The Conservatives' leader completed his frontbench reshuffle by setting up an inner circle from the Shadow Cabinet. It will seek to capitalise on the party's victory in last week's Euro elections by narrowing Labour's lead in the opinion polls. One shadow cabinet member said last night that Mr Hague's gamble of fighting a hardline Eurosceptic campaign had boosted his own self- confidence and finally given him authority over the party. "We are all Hague-ites now," he said. "We are back in the game, and morale is high."

The top team announced by Mr Hague will comprise Francis Maude, the shadow Chancellor, Ann Widdecombe, shadow Home Secretary, John Maples, shadow Foreign Secretary, Michael Ancram, Conservative party chairman, James Arbuthnot, Chief Whip, Andrew Lansley, policy review head, and Lord Strathclyde, Conservative leader in the Lords.

The group will focus on "strategy, policy development and political direction all the way up to the next election", a party spokesman said.

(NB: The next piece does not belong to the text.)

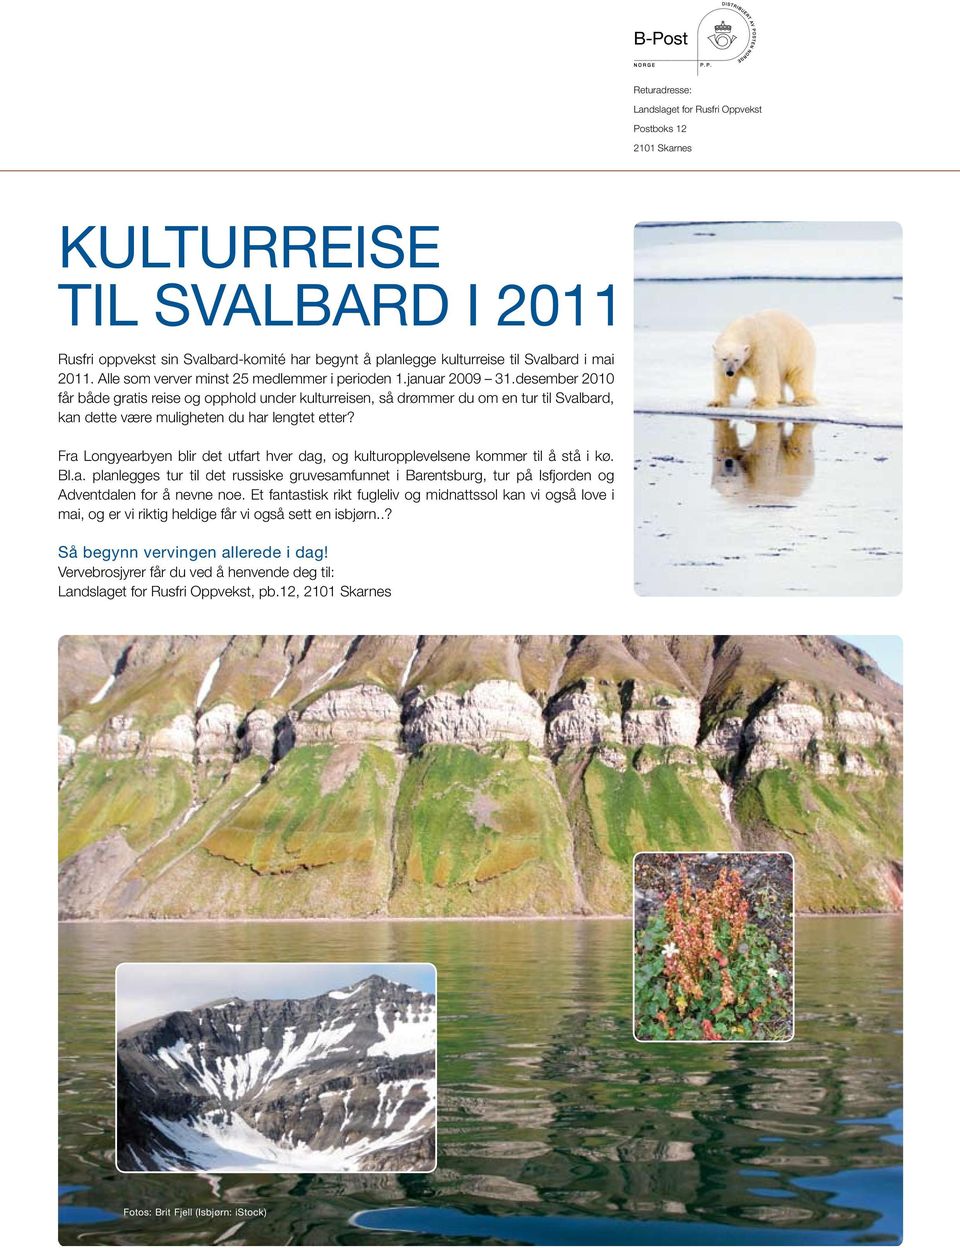 desember 2010 får både gratis reise og opphold under kulturreisen, så drømmer du om en tur til Svalbard, kan dette være muligheten du har lengtet etter?

A noticeable absentee is John Redwood, who might have expected a place in the team because he shadows John Prescott, the Deputy Prime Minister. Mr Hague's new line-up includes a key role for Tim Collins, who is promoted from the whips' office to Conservative Central Office as its senior vice- chairman. He will be the link between the new "inner cabinet" and the party's so-called "war room" of media operations and research.

Mr Collins, a former Conservative director of communications who entered Parliament in 1997, is being talked up by party sources as a "high flyer set to play an absolutely vital role". John Hayes, another of the 1997 intake and MP for South Holland and The Deepings, becomes a party vice- chairman. John Bercow, who represents Buckingham, becomes a spokesman on education and employment.

David Lidington, previously parliamentary private secretary to Mr Hague - his "eyes and ears" in the Commons corridors and tea-room - moves to a home affairs brief. He is succeded by John Whittingdale, who did the same job for Margaret Thatcher.